Abstract
Background: We aimed to determine the rate of further surgery, the functional outcome and the factors associated with outcome after primary clubfoot surgery.
Method: We conducted a retrospective study of a cohort of all children who were less than 2 years of age at the time of surgery for idiopathic clubfoot deformity at the Hospital for Sick Children, Toronto, Ont., a tertiary care pediatric hospital. Of the 91 families who could be contacted, 63 agreed to return. The children’s charts were reviewed, and their feet were given a Functional Rating System (FRS) score.

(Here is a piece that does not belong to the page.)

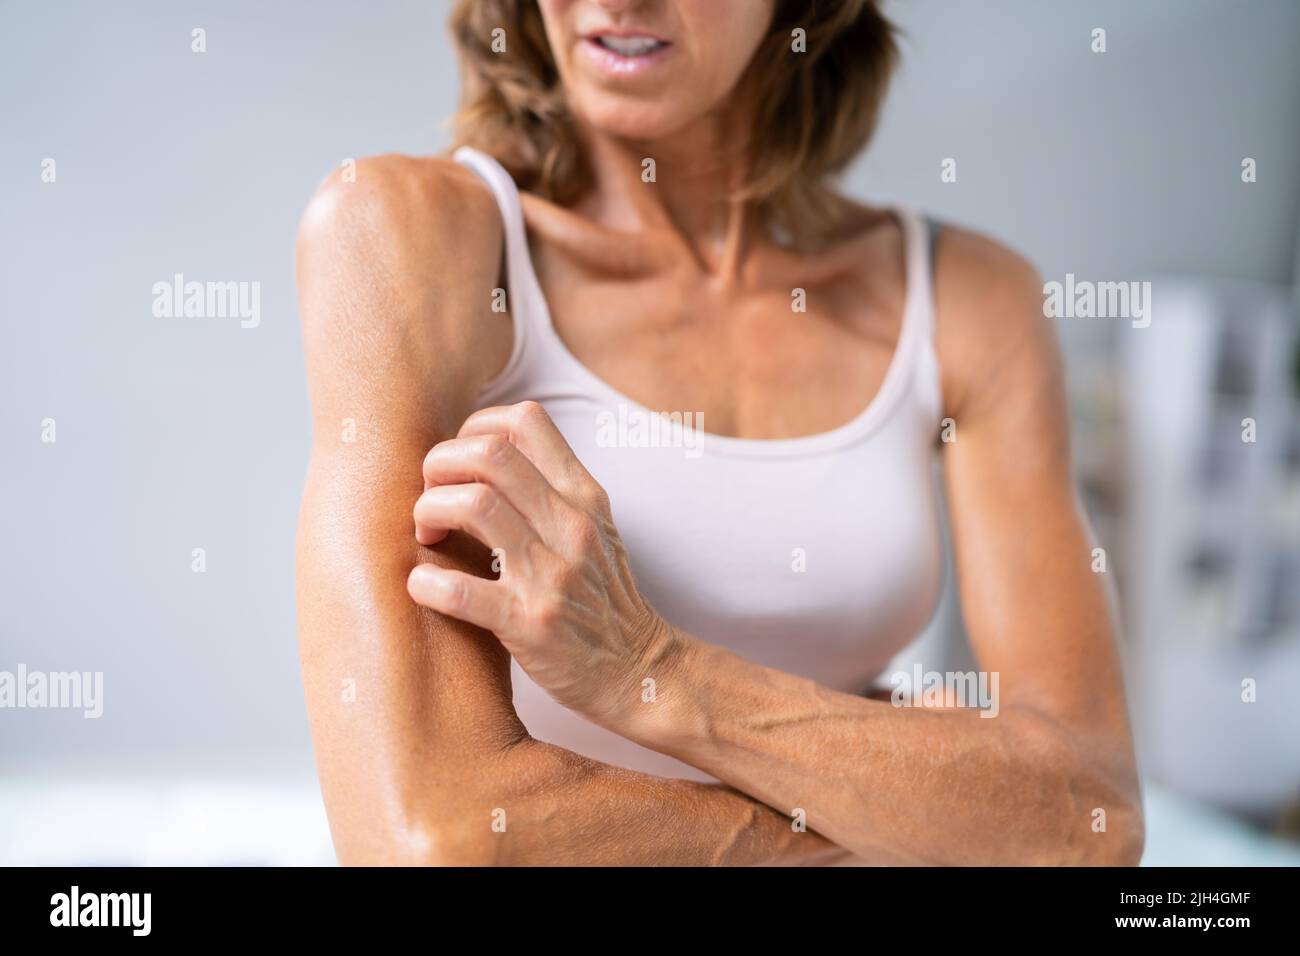 Woman With Itchy Skin. Allergy Or Psoriasis Stock Photo
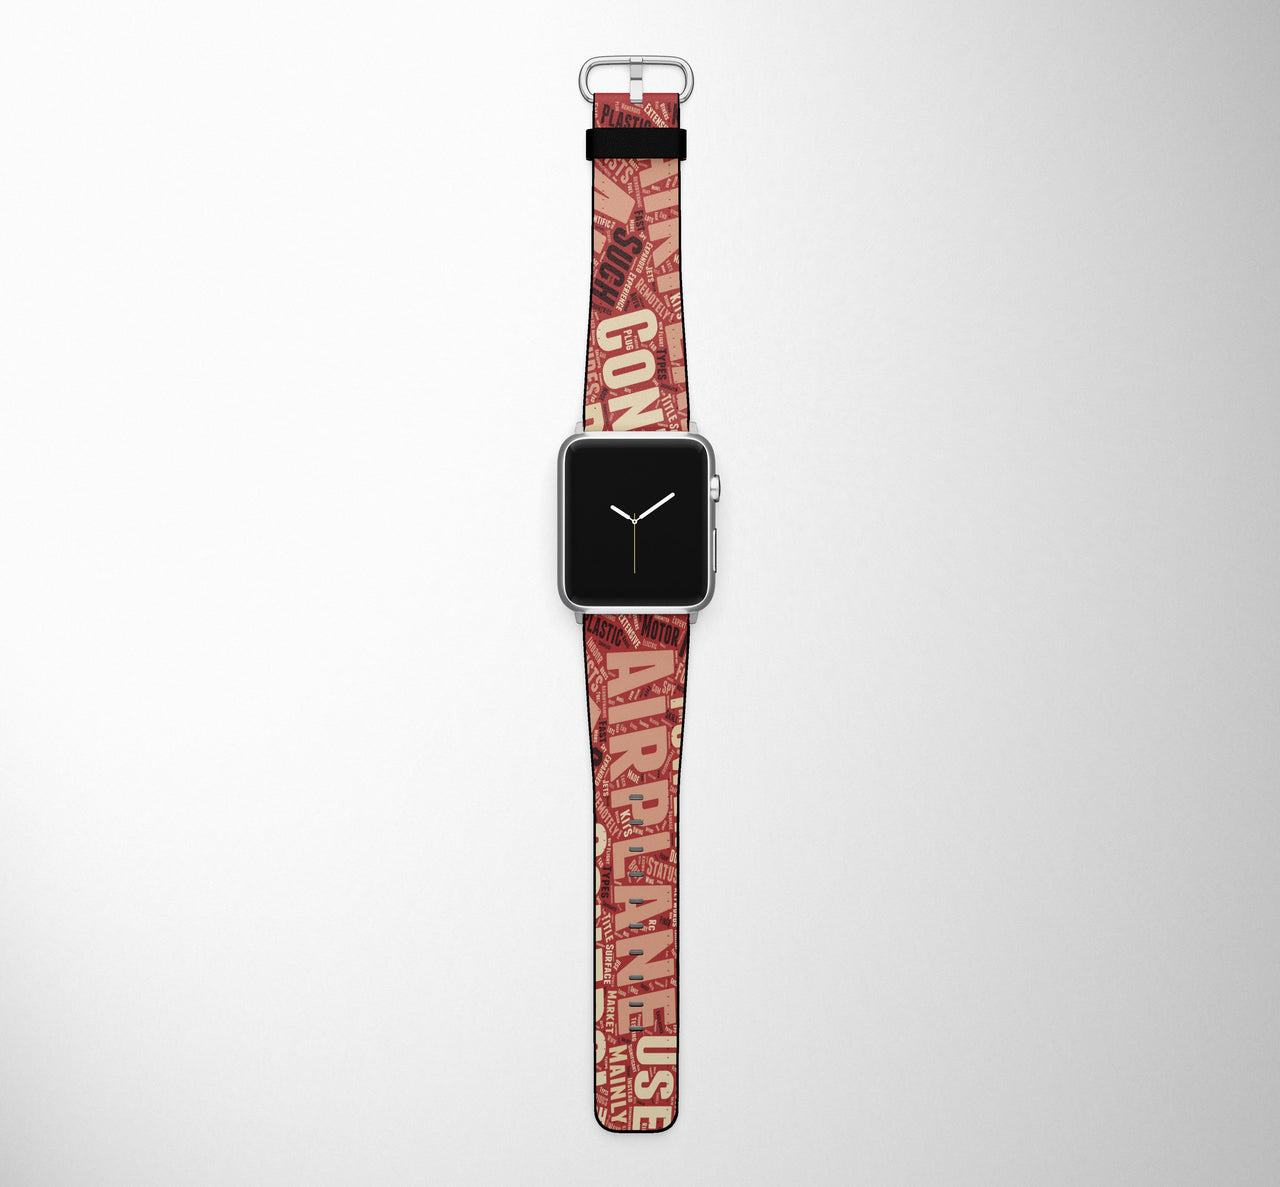 Mixed Aviation Texts Designed Leather Apple Watch Straps

Results: Of the original operated population (n = 126), 75% were male and 41% had bilateral clubfoot. The average age at the time of surgery was 8 months, and the mean follow-up was 80.6 months. Further surgery was performed in 19% of cases. The mean FRS outcome score was 79. On average, the FRS score increased by 1.9 points as age at the time of surgery increased by 1 month. Only the presurgical talocalcaneal index was associated with the need for further surgery.
Conclusion: The need for further surgery was 19% overall. Children who had surgery closer to 12 months of age had better functional results. Therefore, surgery should probably be performed in the second, rather than the first, 6 months of life.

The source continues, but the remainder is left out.